The real estate sector faced significant challenges during the 2022 bear market and even continued to struggle in 2023 as other sectors recovered. The primary reason for this underperformance is the high sensitivity of real estate investment trusts (REITs) to interest rates.

To avoid complicated economic explanations, I'll keep it simple: income-focused investments like REITs have yields that tend to move in the same direction as risk-free interest rates; the 10-year Treasury yield being a reliable benchmark. With the Federal Reserve finally beginning to lower benchmark interest rates, it could serve as a catalyst for real estate outperformance over the next few years.

One investment option is the Vanguard Real Estate ETF (VNQ 1.31%), which has a dividend yield of approximately 3.8% and tracks a weighted index of REITs. Top holdings include warehouse powerhouse Prologis (PLD 1.31%), American Tower (AMT 0.84%), which owns countless cell towers, and data center king Equinix (EQIX 1.67%), which could benefit significantly from AI tailwinds.

The highest yield may not always be the optimally high yield

While a higher dividend yield is preferable to a lower one in a perfect scenario, if you're a patient investor, dividend stocks with strong histories of dividend growth tend to maintain their dividend increases and produce substantial total returns. And that's why the Vanguard Dividend Appreciation ETF (VIG 0.66%) should pique your interest.

This ETF tracks a weighted index of 338 stocks, which are large-cap stocks boasting a track record of growing their dividends annually. Plenty of the fund's top-weighted stocks may not be what you'd expect to find in a dividend ETF. For instance, top-weighted stocks include tech titans Apple (AAPL -0.20%), Broadcom (AVGO 0.25%), and Microsoft (MSFT 1.14%).

So, don't disregard this ETF just because its 1.7% yield appears to be rather modest. First, consider that due to the nature of the fund, your dividend payments are likely to grow at a quick pace over time. Second, this ETF has delivered 12% annualized total returns over the past decade, surpassing the 10% annualized returns of the Vanguard High Dividend Yield ETF (VYM 0.69%). In summary, the Vanguard Dividend Appreciation ETF can provide you with a strong mix of passive income and growth potential.

Two unique ETFs

The ideal choice for you depends on your investment approach, objectives, and risk tolerance. For example, if you rely on your portfolio for current income, the higher yield from the real estate ETF may outweigh the long-term growth potential of the appreciation-focused ETF. On the other hand, if you still have several decades until retirement, dividend growers with a proven track record might seem more appealing.

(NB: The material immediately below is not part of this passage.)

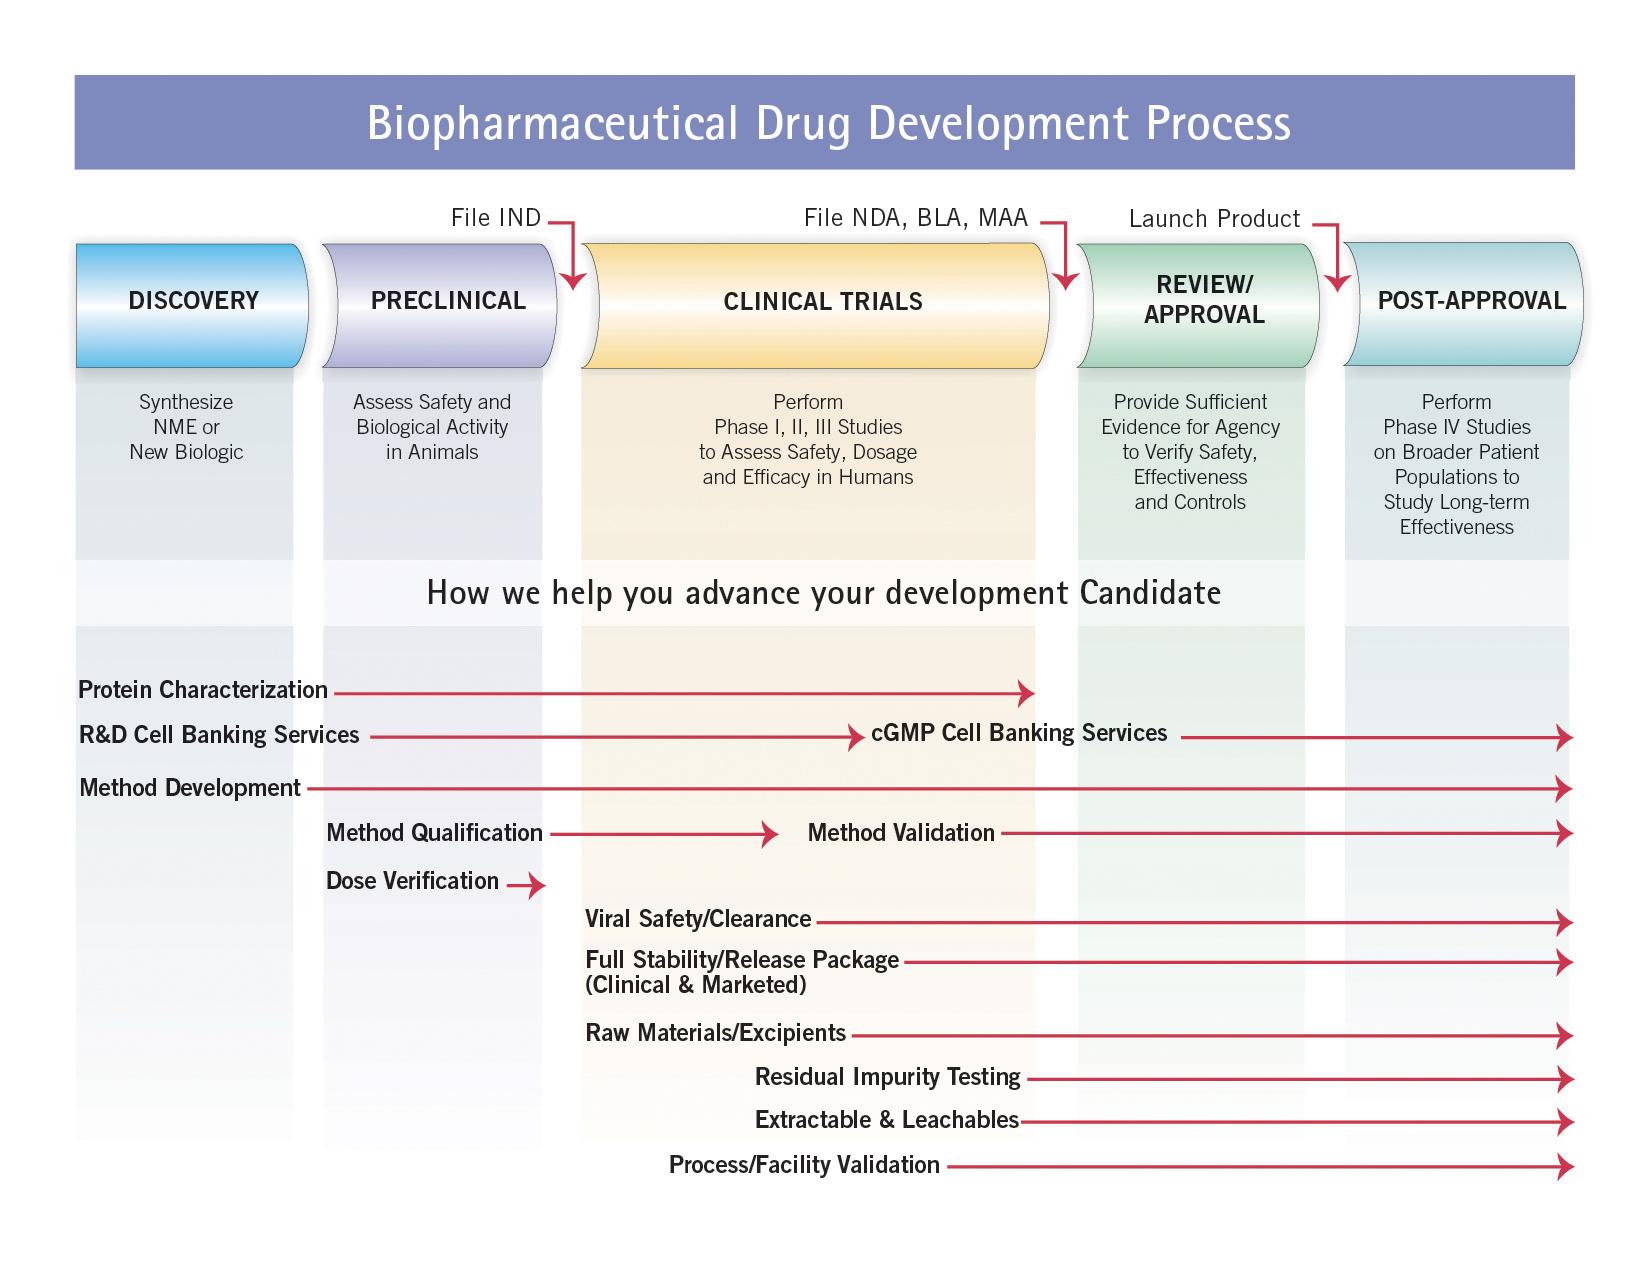 Biopharmaceutical Drug Development Process

In the context of your investment strategy, considering the potential for real estate outperformance in a declining interest rate environment, investing in the Vanguard Real Estate ETF (VNQ) could be beneficial due to its high dividend yield and top holdings like Prologis (PLD), American Tower (AMT), and Equinix (EQIX).

Regarding the long-term growth potential of your portfolio, the Vanguard Dividend Appreciation ETF (VIG) might be an optimal choice due to its track record of annual dividend increases and strong total returns, despite a lower starting yield compared to other dividend ETFs.